**Directions:**
The answer is the data below, repeated exactly, with no pictures included.
── Given material ──
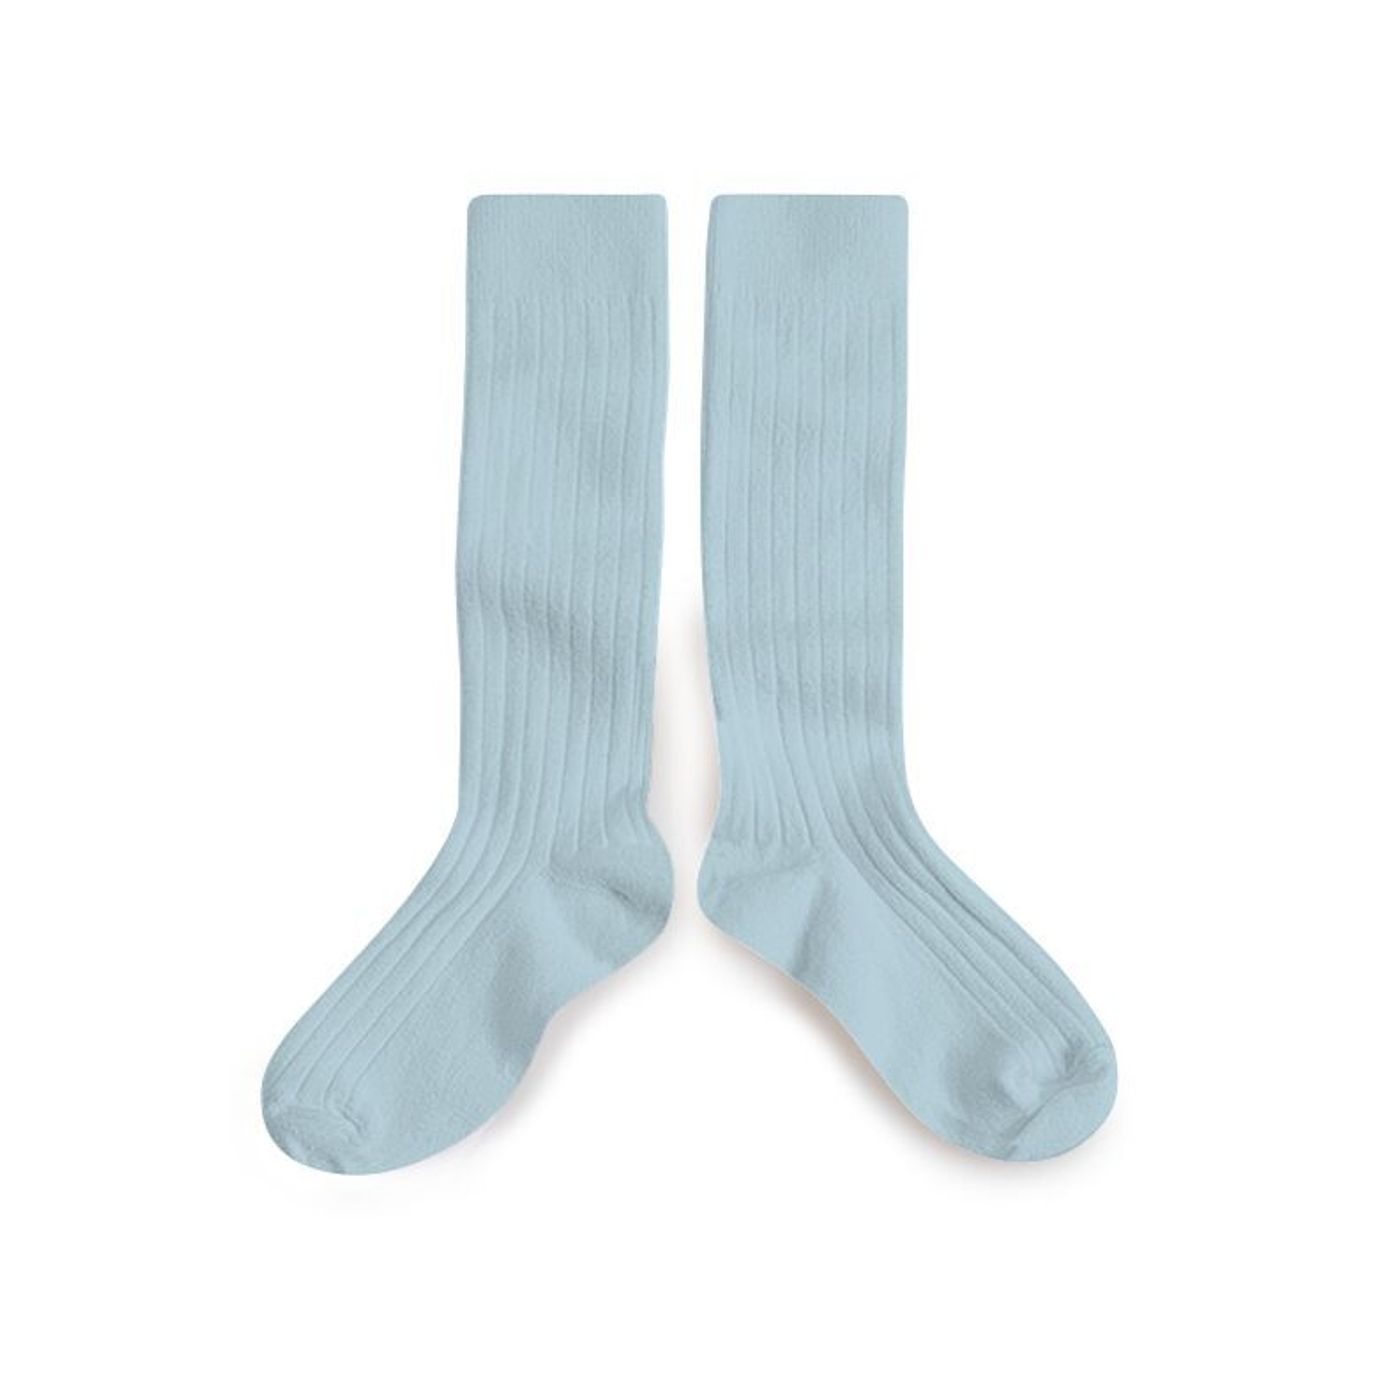 Collégien Knee high socks La Haute bleu de pastel 2950 132 La Haute 
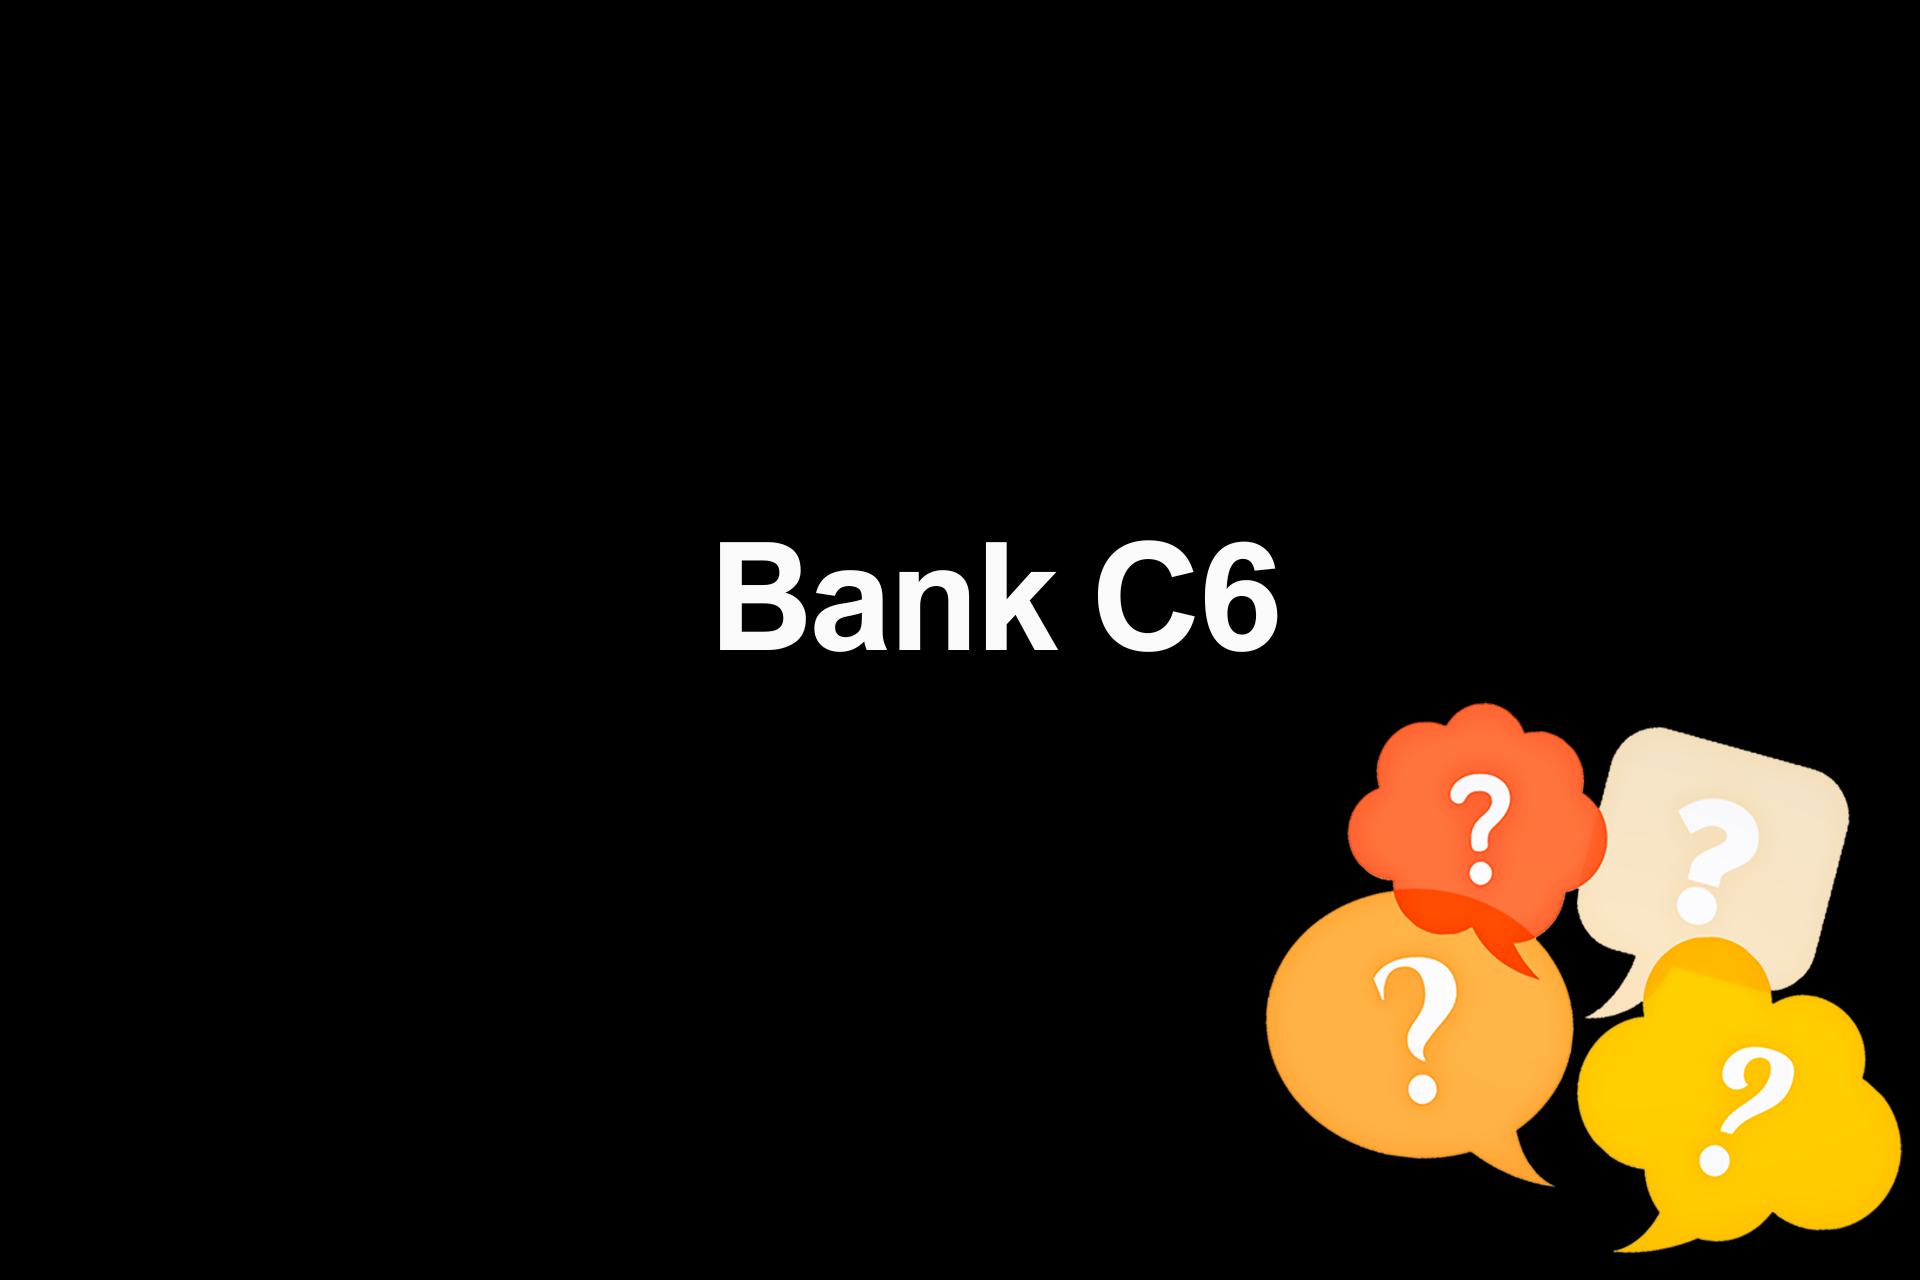 Bank C6?
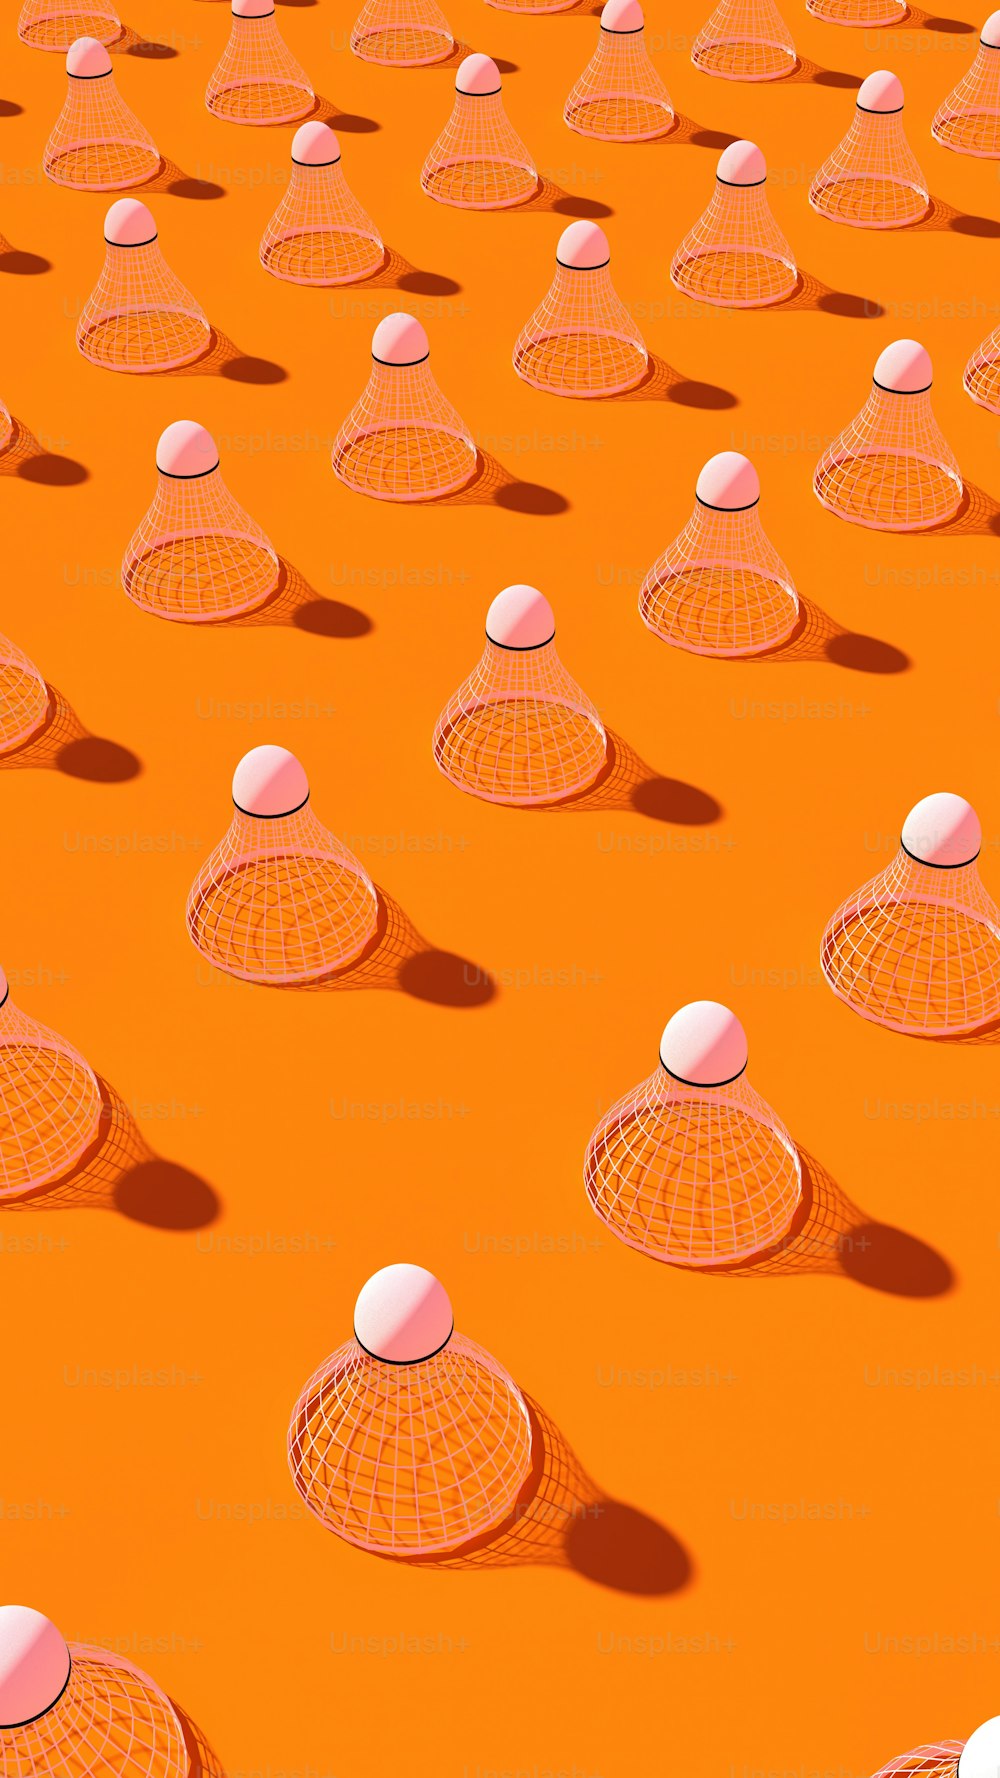 Un gruppo di palline bianche sedute sopra una superficie arancione
───
**Output below:**
 Collégien Knee high socks La Haute bleu de pastel 2950 132 La Haute 
 Bank C6?
 Un gruppo di palline bianche sedute sopra una superficie arancione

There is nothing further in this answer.